Dimensions: height 290 mm, width 205 mm
Copyright: Rijks Museum: Open Domain
Curator: "Gallerie des Modes," dating from around 1784. We're looking at an elegant figure captured in watercolor by Nicolas Dupin, a testament to the era's fascination with fashion and social presentation. It resides here at the Rijksmuseum. Editor: Isn't it wonderfully weird? Her posture is so rigid and almost doll-like, yet the color palette is surprisingly soft and muted. I can’t help but smile! There is a certain gentleness, a touch of satire, maybe? Curator: The satire lies in the exaggerated silhouette, conforming to then-contemporary standards of beauty, which privileged artifice and overt display of status. That's reflected in that gravity-defying headwear. What do you read into her turned back? Editor: Oh, I think that turned back only adds to the humor. Like she's about to step into some grand misunderstanding! And the textures – all that frill – feel opulent and restrained. The cane just seems to add to a sort of, what would you say? Distant air? Curator: Certainly, these details reflect the hierarchical structures of 18th-century French society. Fashion was rigorously dictated, class-stratified, and gendered. This lady is signaling her adherence to, or perhaps, her subversion of those rules. It also alludes to a larger conversation on colonial trade through textiles and accessories. Editor: So much weight in a little sketch. And even though it feels incredibly detached from today's fashion scene, I love seeing the small similarities. In what the artist captures as precious. What do you suppose someone from that time seeing something similar today, even only through the internet, would feel? Curator: I would guess perhaps something akin to recognizing echoes of our past, yet viewing through the ever-present gaze of contemporary social structures and historical awareness. Editor: Yes! Even just to notice all these complex undertones swirling beneath something so seemingly frivolous. This piece makes me think differently, for sure. Curator: Indeed. It’s a reminder that even seemingly superficial aspects of culture are deeply intertwined with socio-political forces.

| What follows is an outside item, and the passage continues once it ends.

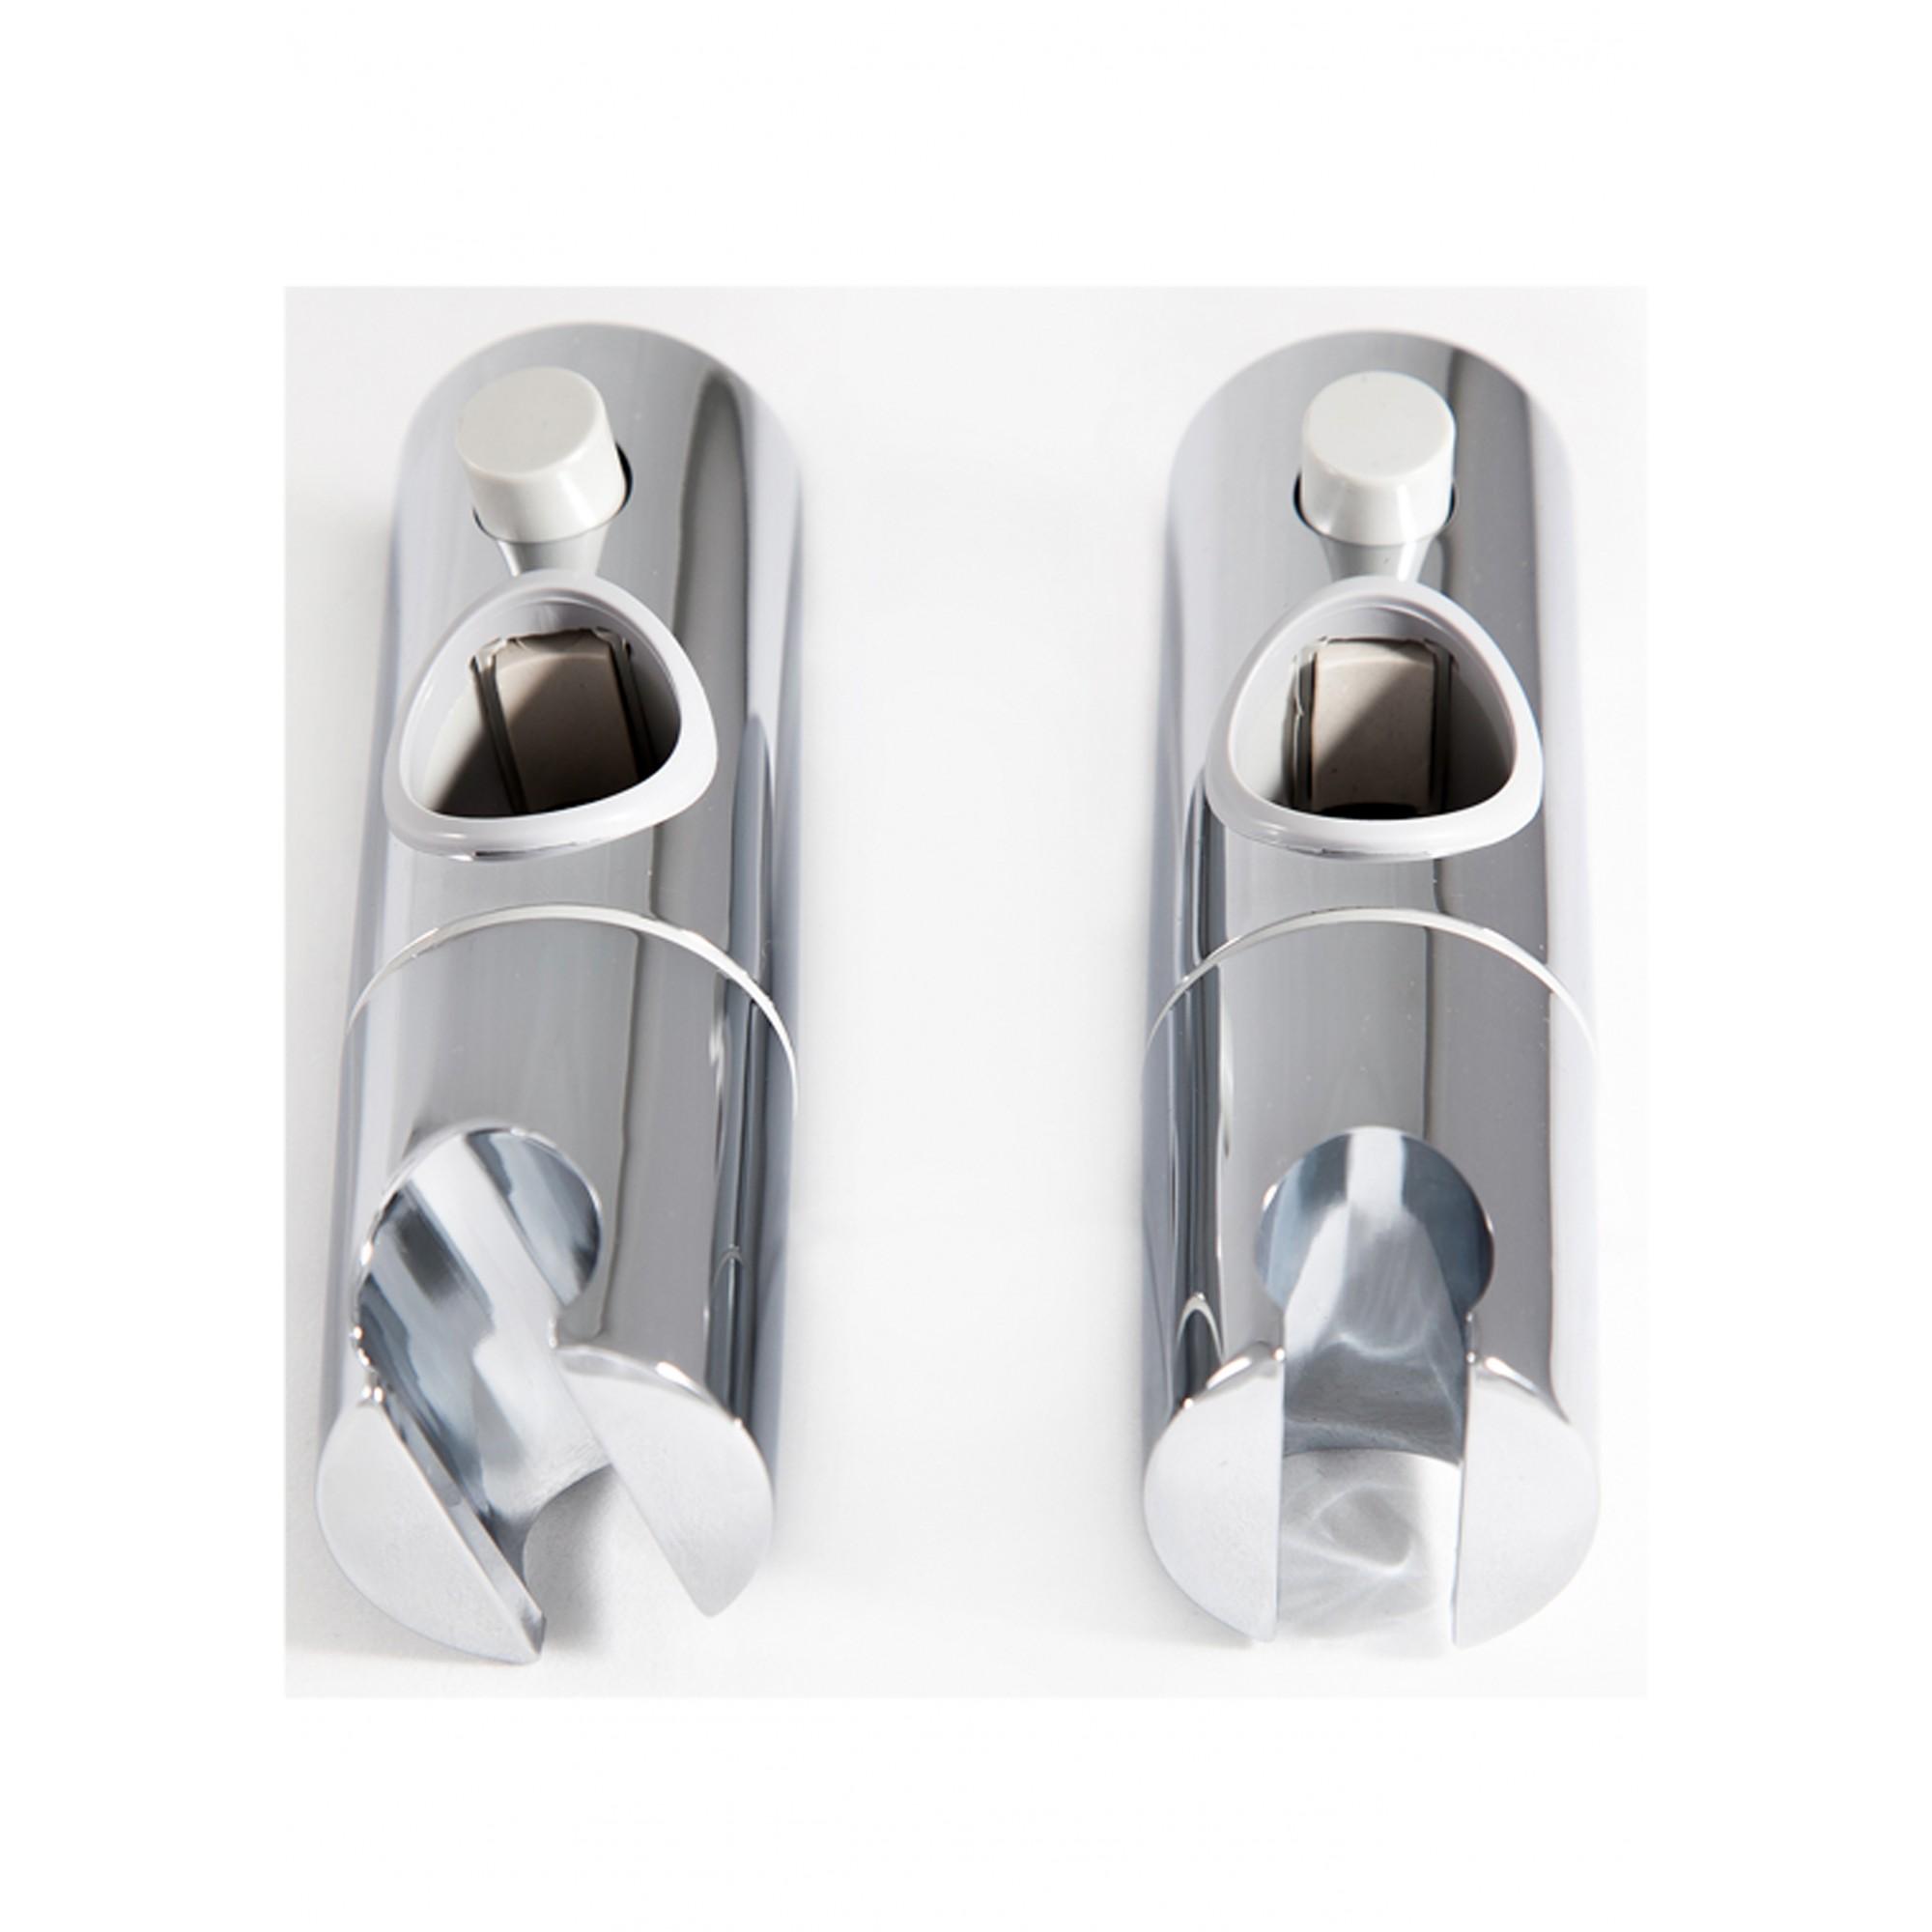 Держатель лейки душа пластиковый с кнопкой и трещеткой, поворотный Н56 для стойки 25 мм ANGO ANGO - 1

In 1778 two young publishers tapped a previously undiscovered market with the launch of a series entitled Gallerie des Modes, which responded to the growing demand among Parisians for fashion news. Initially featuring only hairstyles, the series’ illustrations were later extended to include complete outfits to cater to its audience. These showed figures from head to toe. All ranks of French society were represented in a wide variety of fashionable clothes, from the simple negligée 1 to the robe à la polonaise 2 3, the robe à l’anglaise 4 and the occasional smart gentleman’s suit.